** Description of the task **
In this exercise, the entries below include pictures. Repeat exactly the lines from the line with "Extra Slim Fit" to the line with "Jardin Public de", including both, but without the pictures.

** Records for the exercise **
-- Opening Marker --
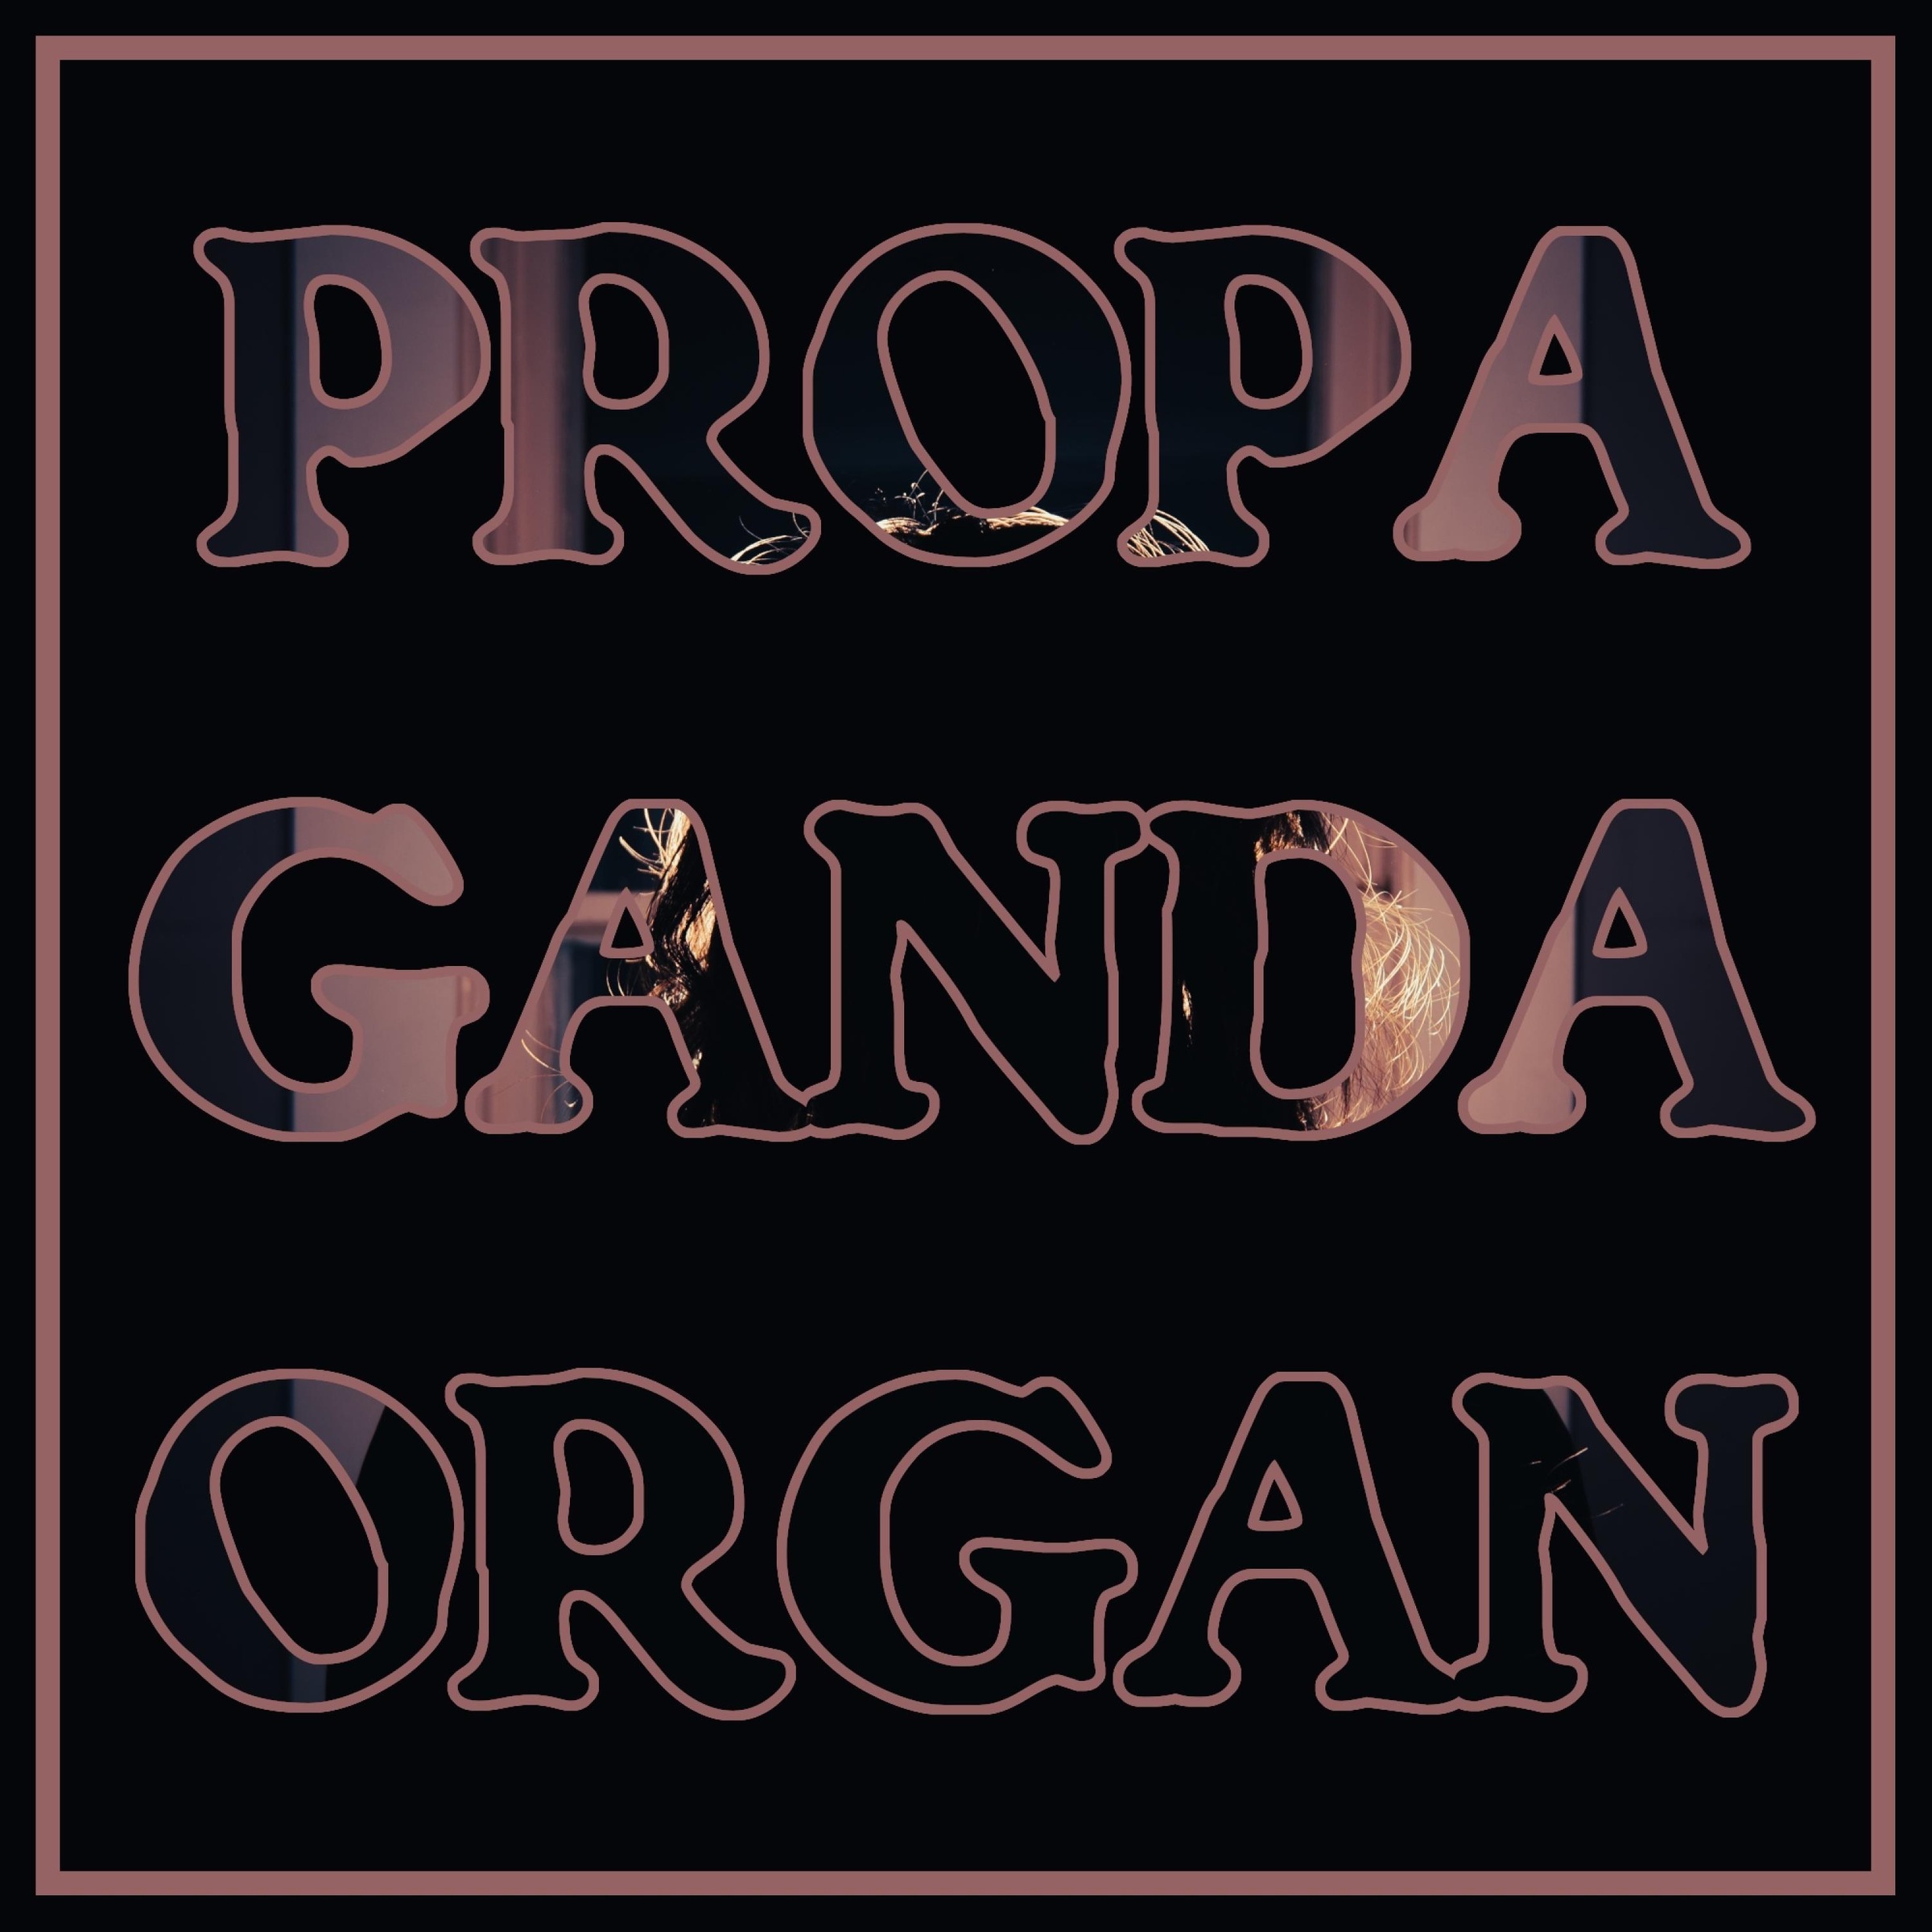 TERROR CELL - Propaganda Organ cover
-- Closing Marker --
-- Opening Marker --
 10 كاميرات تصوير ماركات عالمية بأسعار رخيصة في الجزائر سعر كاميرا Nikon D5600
-- Closing Marker --
-- Opening Marker --
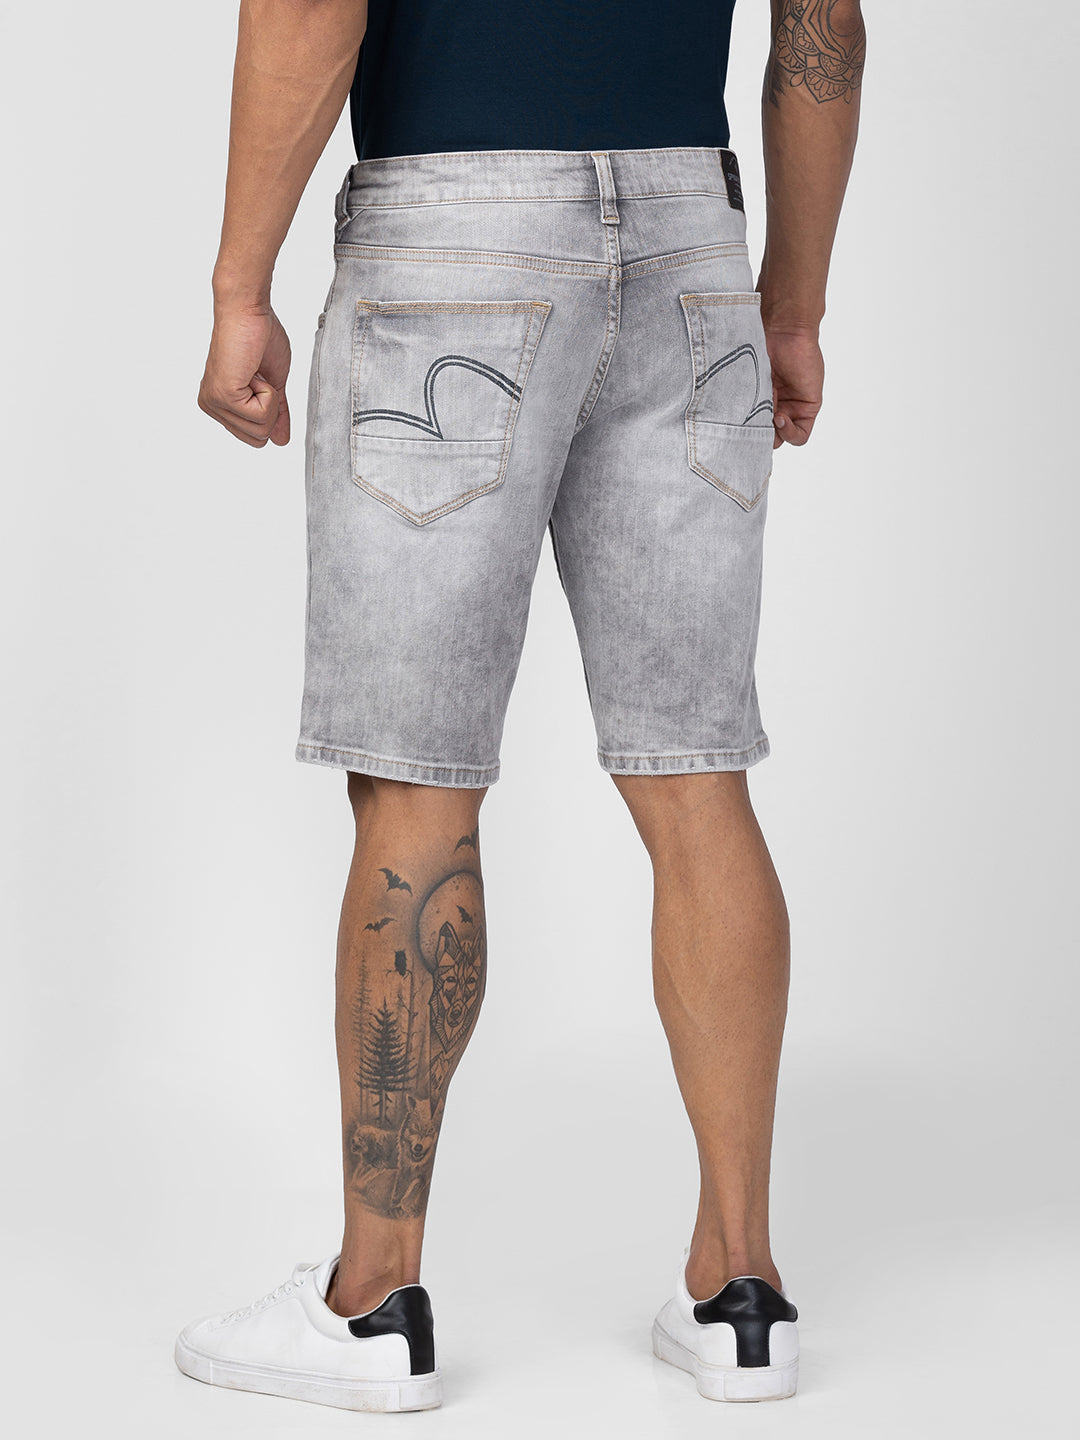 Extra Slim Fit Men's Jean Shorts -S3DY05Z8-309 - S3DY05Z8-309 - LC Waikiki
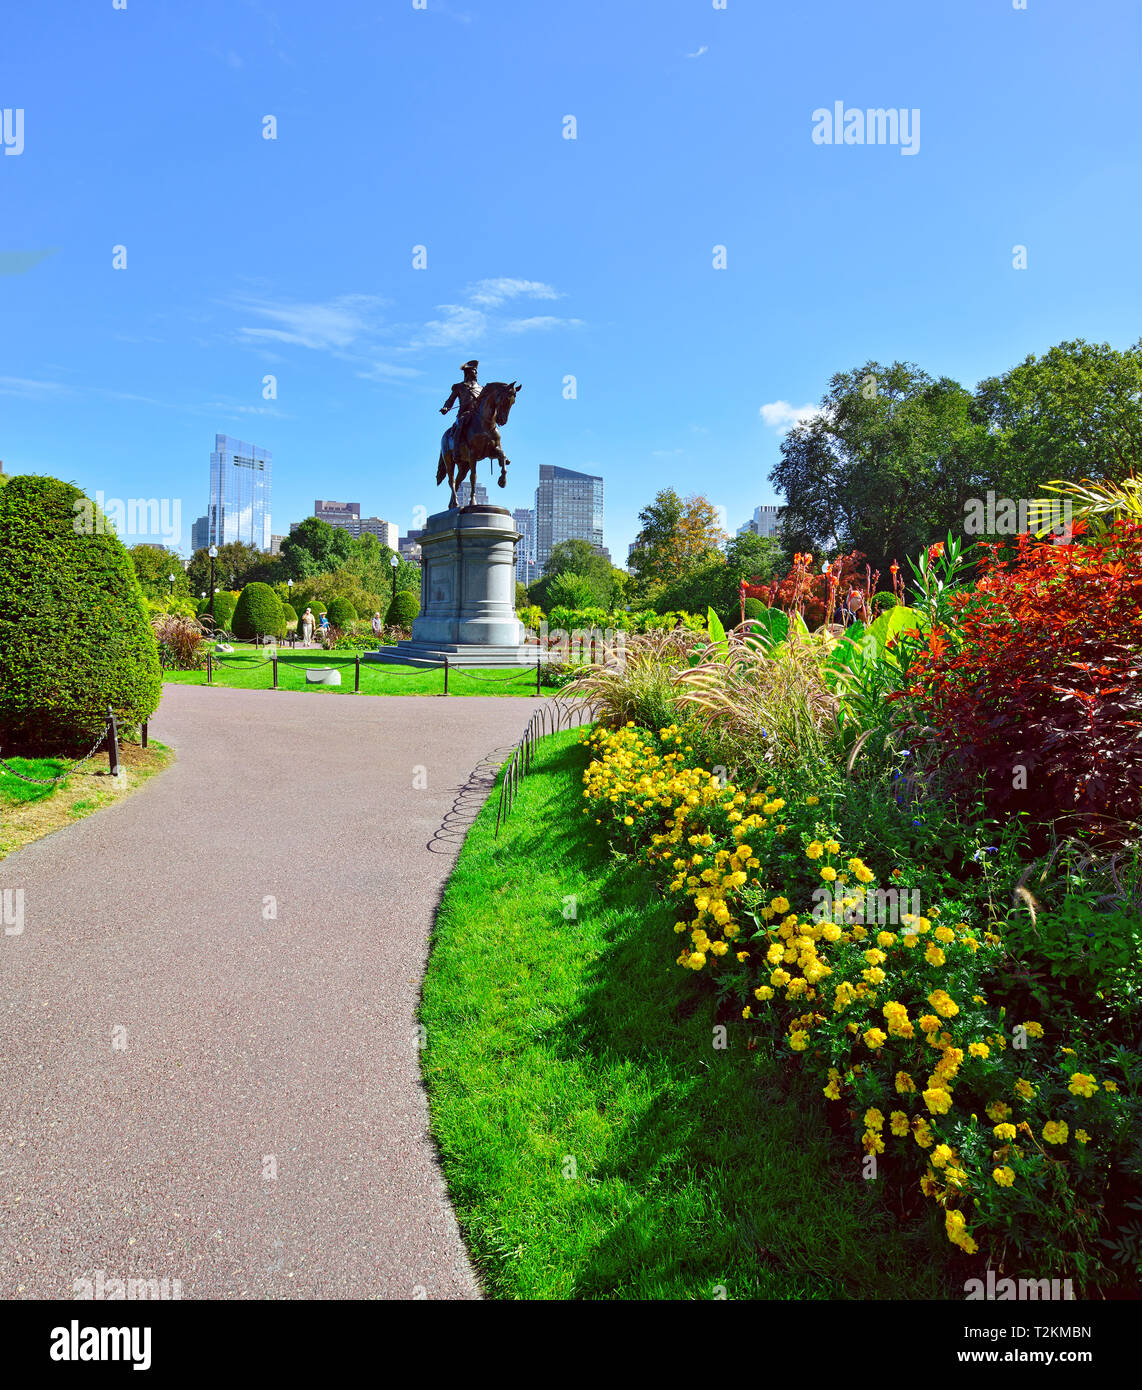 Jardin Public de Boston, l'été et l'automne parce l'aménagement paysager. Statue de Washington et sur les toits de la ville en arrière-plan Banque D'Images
-- Closing Marker --
** Reply **
 Extra Slim Fit Men's Jean Shorts -S3DY05Z8-309 - S3DY05Z8-309 - LC Waikiki
 Jardin Public de Boston, l'été et l'automne parce l'aménagement paysager. Statue de Washington et sur les toits de la ville en arrière-plan Banque D'Images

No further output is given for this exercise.